[Information shown Boundary: Start]
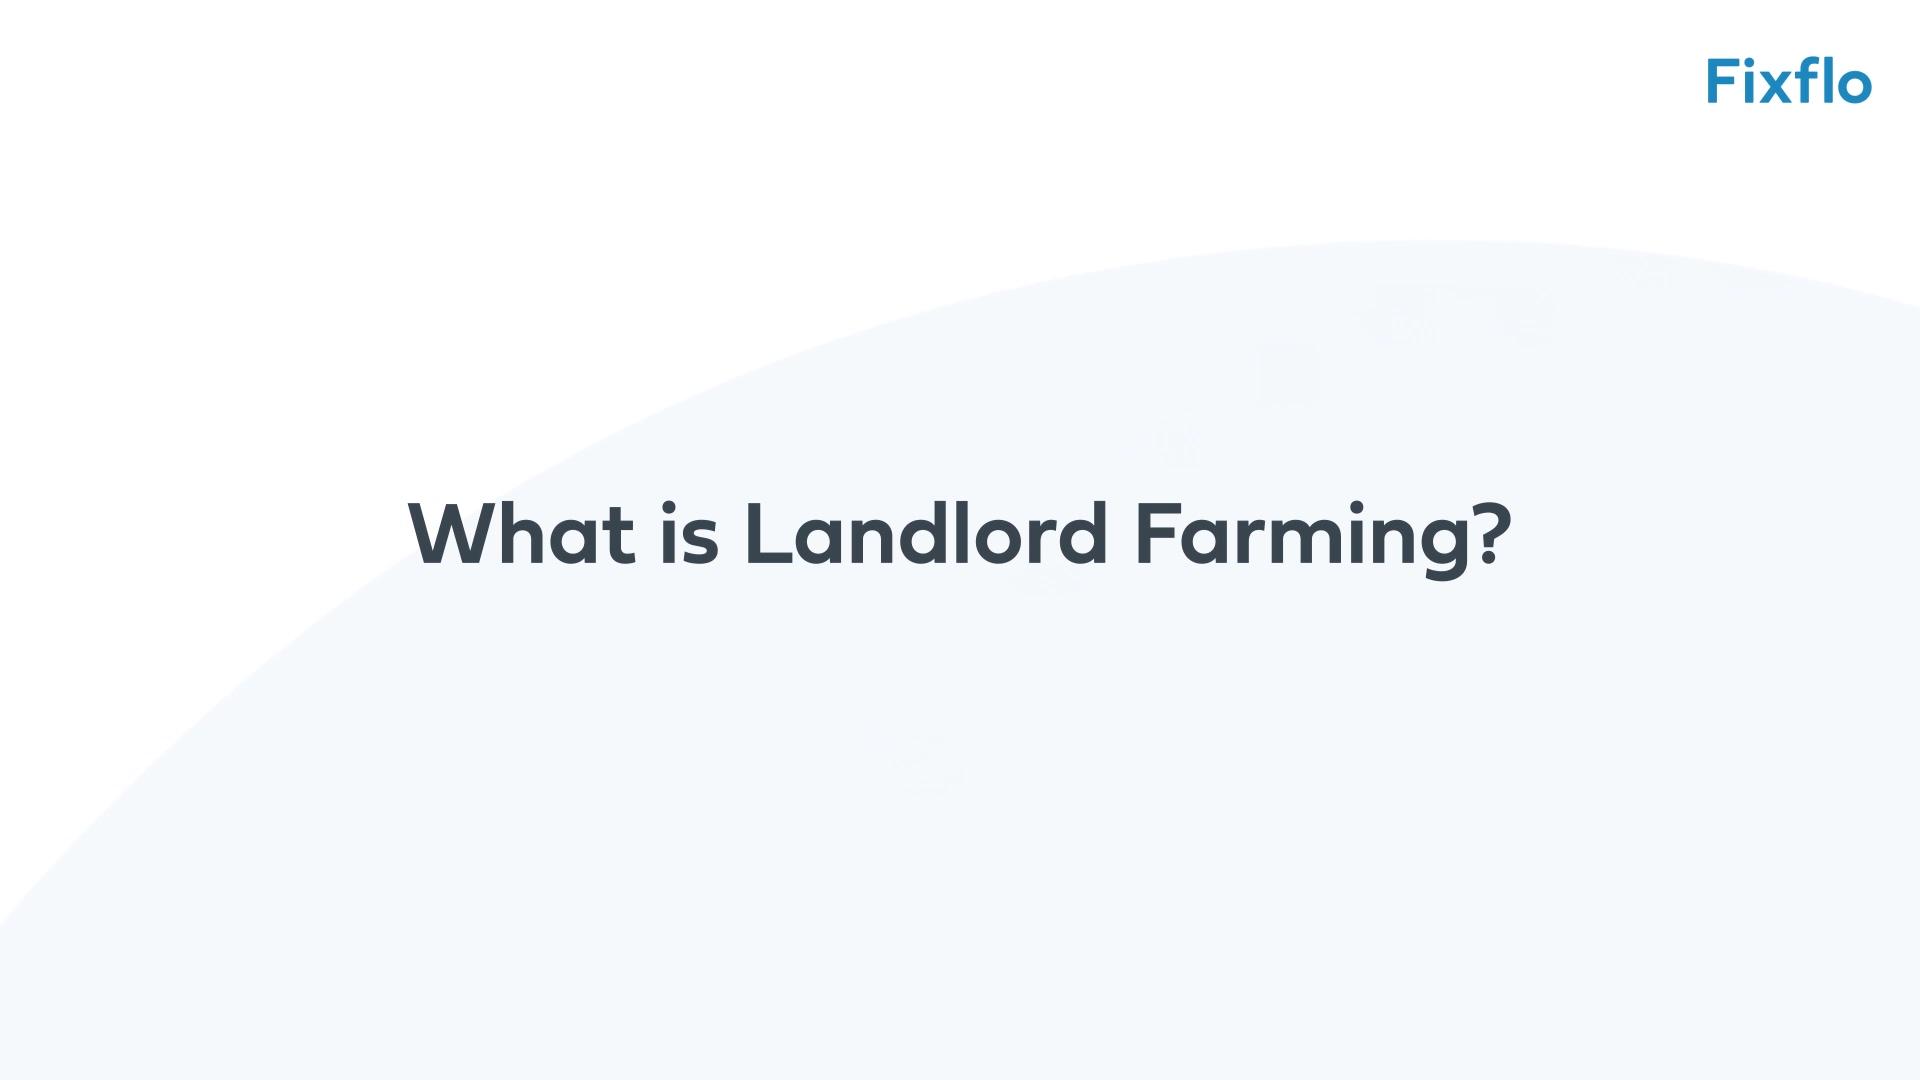 Chris Watkin - 1 - Landlord Farming
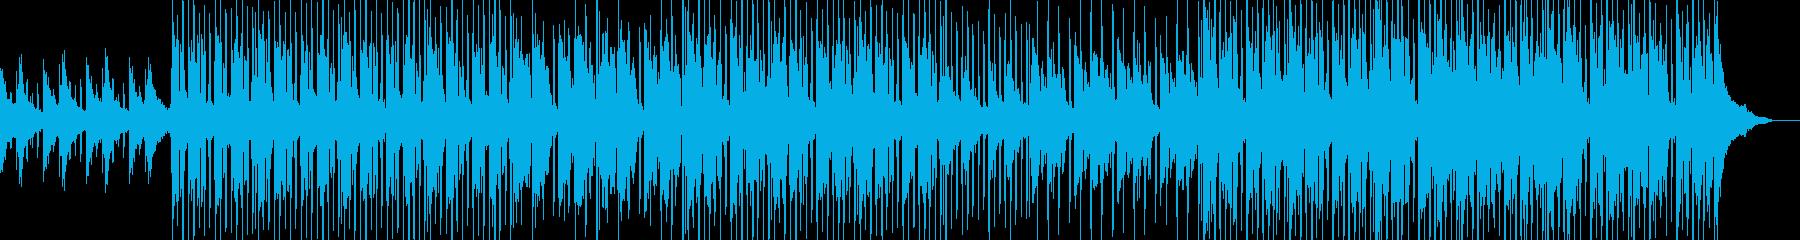 ミディアムテンポの爽やかなピアノサウンドの再生済みの波形
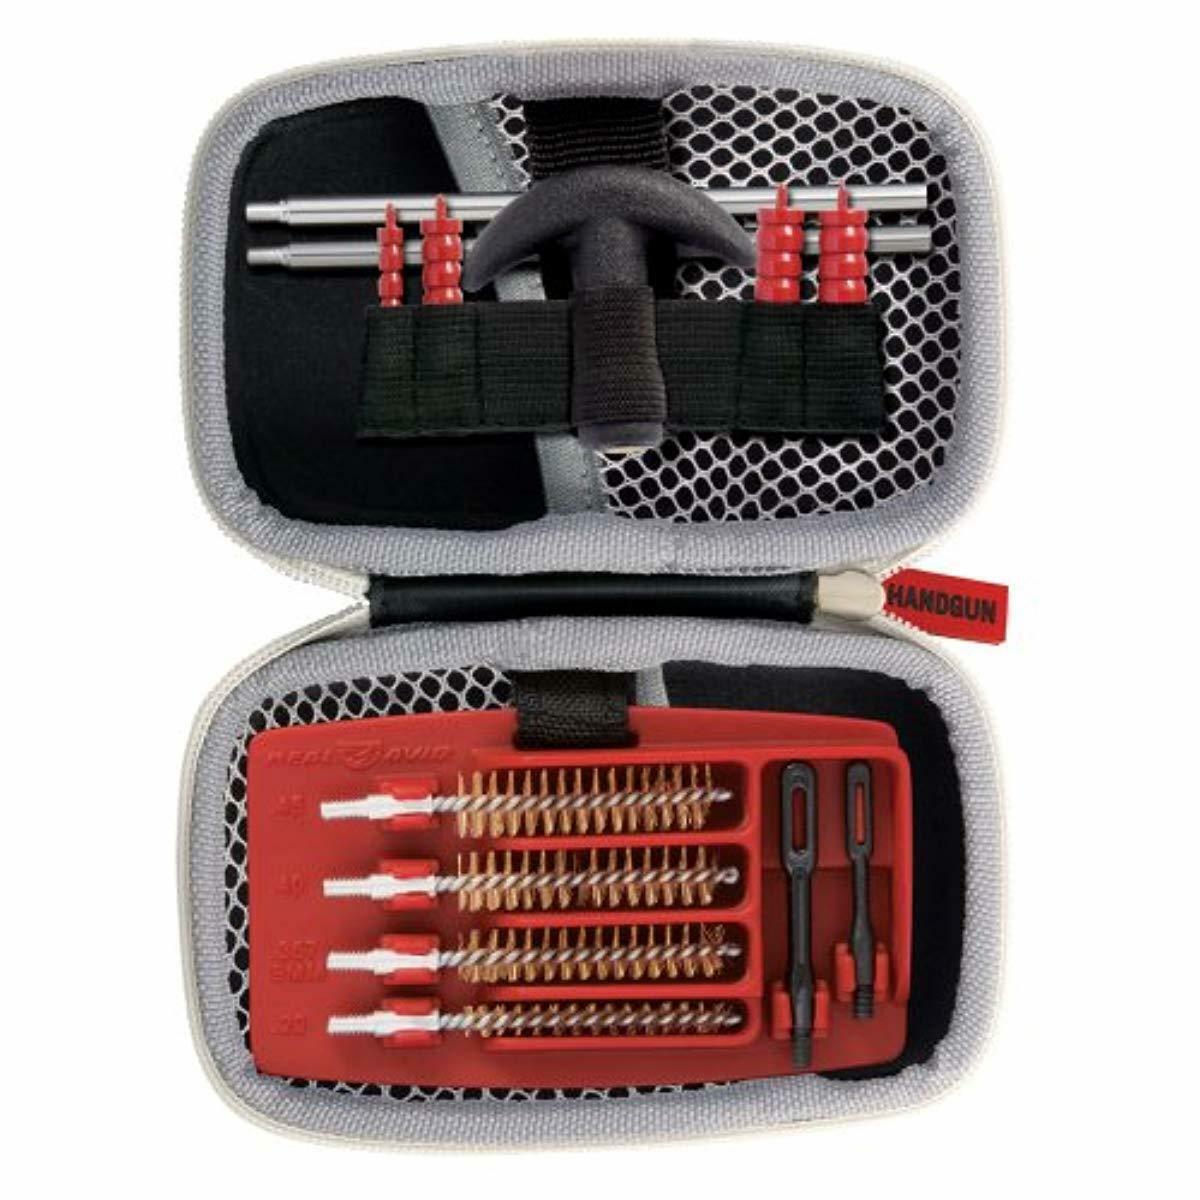 Real Avid Gun Boss Handgun Cleaning Kit for .22 .357 9MM .38
[Information shown Boundary: End]
[Action item]
Take the material above and set it down exactly, minus the images.

[Response to the exercise]
 Chris Watkin - 1 - Landlord Farming
 ミディアムテンポの爽やかなピアノサウンドの再生済みの波形
 Real Avid Gun Boss Handgun Cleaning Kit for .22 .357 9MM .38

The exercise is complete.